Oui, une partie de la population marseillaise souffre. Elle se meurt dans ses quartiers que l'on appellent, fort injustement, les "quartiers nord".
Philippe Pujol le martèle dans ses interviews : Marseille n'est pas Paris. Les cités font partie intégrante de la ville et elles s'étendent du sud au nord. Nous avons toujours vécu les uns avec les autres. Mais plus le temps passe et plus des fossés (économique, culturel, éducation, logement...) se creusent entre les Marseillais.

On ne peut pas parler non plus de Mafia à Marseille : c'est un des nombreux clichés qui court sur la ville. Et puis ça fait des titres "sensationels" dans les journaux !!! Nous ne sommes pas en Italie où l'Etat est complètement défaillant. Dans cette ville, nous avons des élus qui gouvernent à leur façon. Les voyous n'ont jamais essayé de torpiller les politiciens et s'approprier le pouvoir. Philippe Pujol parle plutôt de pègre marseillaise. Celle-ci a évolué dans le temps. Dans les années 70, c'était la French Connection avec comme acteurs : Gaëtan Zampa, Francis le Belge, le juge Michel qui sera assassiné en plein rue, sur sa moto, devant le palais de justice (voir les films French Connection de William Friedkin avec Gene Hackman- 1971, La French de Cédric Jimenez avec Jean Dujardin et Philippe Lellouche- 2014)... : les voyous Marseillais fournissaient l'Amérique en héroïne de premier choix.
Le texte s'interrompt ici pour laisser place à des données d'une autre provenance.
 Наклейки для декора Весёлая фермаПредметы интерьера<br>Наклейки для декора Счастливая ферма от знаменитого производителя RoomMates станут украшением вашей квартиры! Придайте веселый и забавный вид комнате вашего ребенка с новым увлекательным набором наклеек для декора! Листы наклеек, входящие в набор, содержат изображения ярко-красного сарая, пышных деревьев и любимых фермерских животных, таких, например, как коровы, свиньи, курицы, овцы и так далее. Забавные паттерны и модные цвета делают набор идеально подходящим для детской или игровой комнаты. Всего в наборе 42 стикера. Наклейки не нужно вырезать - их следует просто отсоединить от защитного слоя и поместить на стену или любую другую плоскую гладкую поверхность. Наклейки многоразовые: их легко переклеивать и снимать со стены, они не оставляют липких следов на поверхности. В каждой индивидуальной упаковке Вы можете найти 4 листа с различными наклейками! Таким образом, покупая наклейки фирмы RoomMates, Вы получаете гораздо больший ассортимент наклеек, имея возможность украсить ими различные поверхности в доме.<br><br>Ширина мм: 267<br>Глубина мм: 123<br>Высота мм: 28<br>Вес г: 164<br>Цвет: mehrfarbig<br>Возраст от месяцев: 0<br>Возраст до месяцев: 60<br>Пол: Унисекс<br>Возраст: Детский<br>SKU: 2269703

Aujourd'hui, la pègre a laissé le marché du shit aux cités et elle s'est tournée vers la gestion en sous main (ou le racket) des restaurants, bars PMU (machines à sous, BINGO), boîtes de nuit, la prostitution... La pègre corse tient les mêmes trafics à Aix en Provence.

Qu''est ce qui fait alors la différence entre Marseille et d'autres villes en France, qui arrivent à s'en sortir ? Une ville qu'il y'a encore 30-40 ans était dynamique avec un port florissant (le 2ème en Europe, aujourd'hui 7ème), des Marseillais qui avaient un niveau de vie correcte, avec du travail.
"...le rapport (de l'OCDE) souligne que la métropole Aix-Marseille est l'une des plus inégalitaires de France, que ce soit en matière de revenus, d'accès à l'emploi ou d'éducation. Ces inégalités socio-économiques sont très délimitées territorialement. le plus riche et le plus pauvre se côtoient, chacun retranché dans sa forteresse. le taux de chômage des jeunes atteint 50 % dans certains quartiers où plus d'un tiers de la population n'a pas de diplôme... Marseille demeure une ville cosmopolite, mais les politiques freinent les mélanges pour mieux maîtriser les groupes...Il faut dire que pour ceux-là (la presse nationale) Marseille est une aubaine. Une ville tout-en-un. L'impunité des Balkany dans les Hauts-de-Seine est celle de Guérini dans les Bouches-du-Rhône. Les règlements de comptes éparpillés dans la banlieue parisienne se concentrent dans les quartiers tous labellisés "Quartiers nord". le Front national du niveau d'Hénin-Beaumont se retrouve dans les 13e et 14e arrondissements. La désindustrialisation de la région lilloise a son reflet dans le Midi. La bourgeoisie de Bordeaux engraissé au temps des colonies a des cousins dans les quartiers très chics qui longent la Corniche. Les tensions immobilières autour d'Ajaccio se déclinent sur l'aire métropolitaine d'Aix-Marseille...."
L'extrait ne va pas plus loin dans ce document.